Red Hat and SanDisk announced a strategic alliance today that addresses the burgeoning market for flash-based, high-performance cloud storage.
SanDisk will begin offering Red Hat Ceph Storage software as the favored implementation of the storage software on its InfiniFlash arrays. Ceph is a distributed, open-source object storage platform with object, block and file storage interfaces. It runs on commodity hardware and is often used as the storage backend for the popular OpenStack cloud software platform.
Red Hat is Ceph's leading commercial sponsor. In 2014, the company acquired Inktank Storage, a provider professional services and support founded by Ceph's creator, Sage Weil.

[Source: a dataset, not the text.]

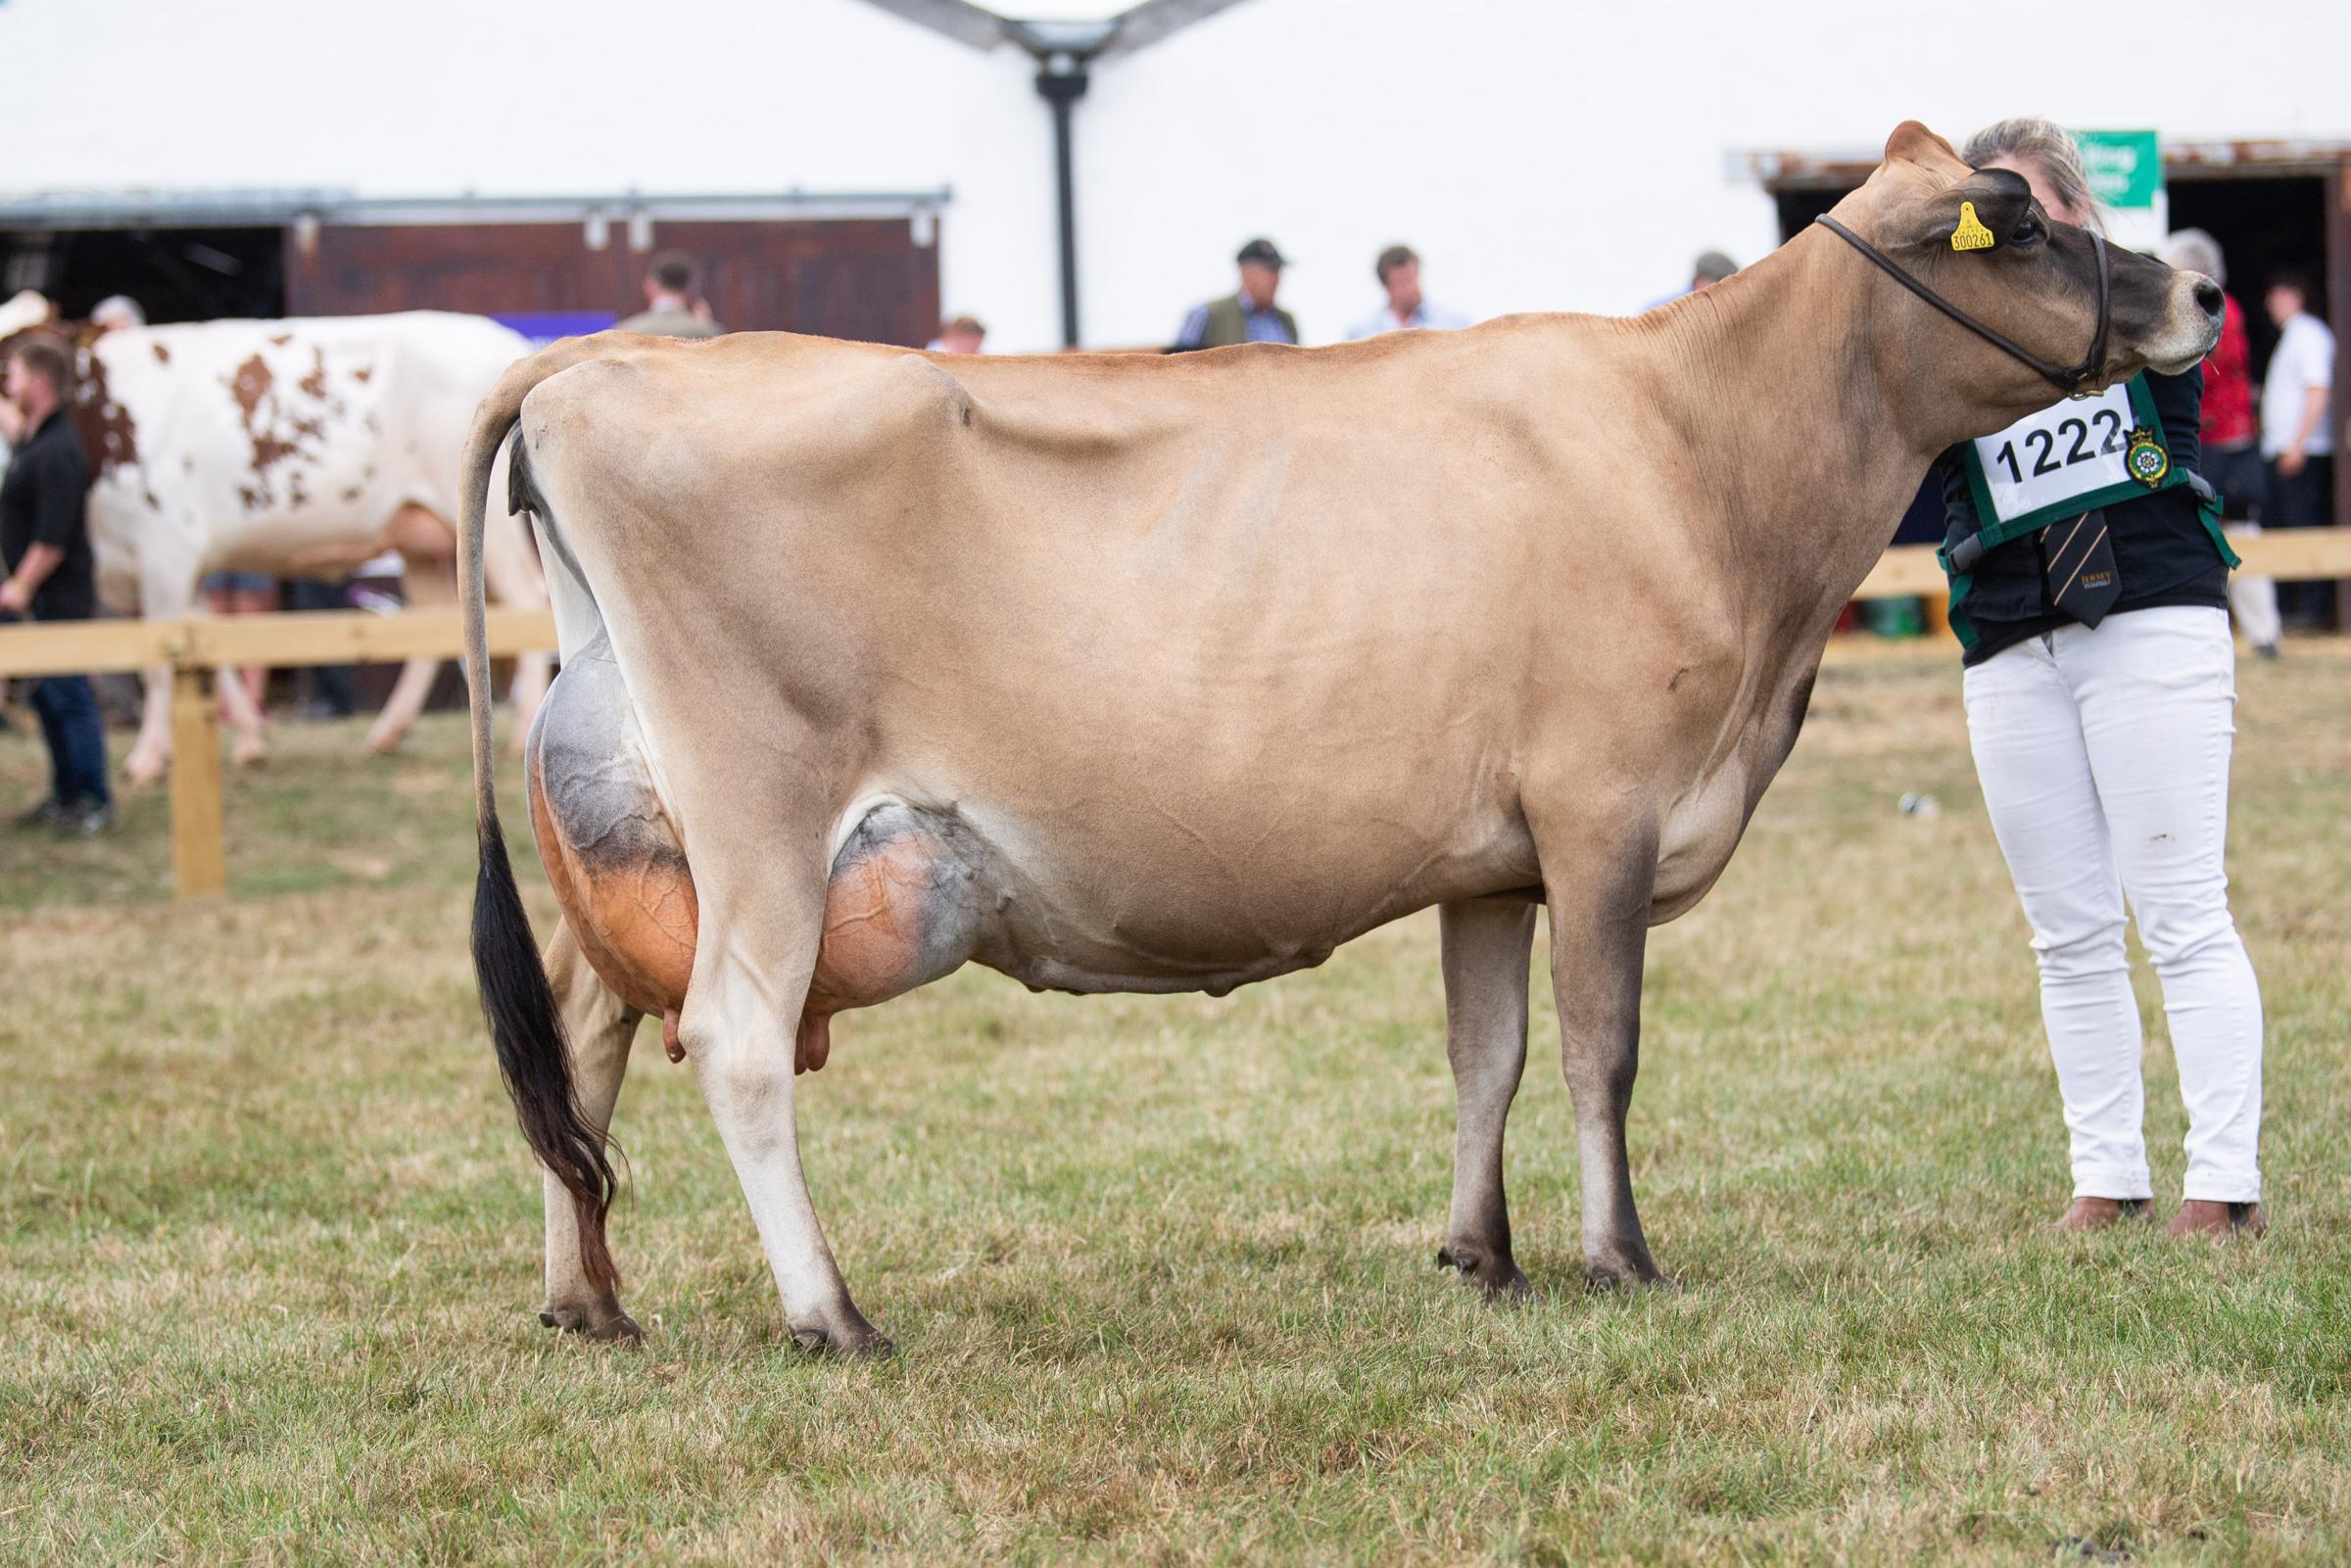 Coldeaton Cobalt Alison from the Coldeaton herd was Jersey champion  Ref:RH140722142  Rob Haining / The Scottish Farmer...

"Our alliance aims to deliver the power of scale and performance of flash technology as never before, and we believe it has the potential to disrupt today’s traditional, proprietary storage market," said Ranga Rangachari, vice president and general manager of Red Hat Storage, in a March 29 announcement. "Our customers now have an expanded portfolio of best-of-breed platforms, as SanDisk’s InfiniFlash System and Red Hat Ceph Storage have been tested, optimized, and certified together for optimal stability and performance."
InfiniFlash is SanDisk's line of all-flash storage arrays. Available in three flavors (IF100, IF500 and IF700), the systems pack up to 512 terabytes of flash capacity in a 3U enclosure and are designed to compete with enterprise HDD-based storage systems with a starting price of less than $1 per gigabyte. The IF500, designed for OpenStack and Ceph environments, can reach 780,000 input/output operations per second (IOPS) and features a data throughput rate of 7 gigabytes per second.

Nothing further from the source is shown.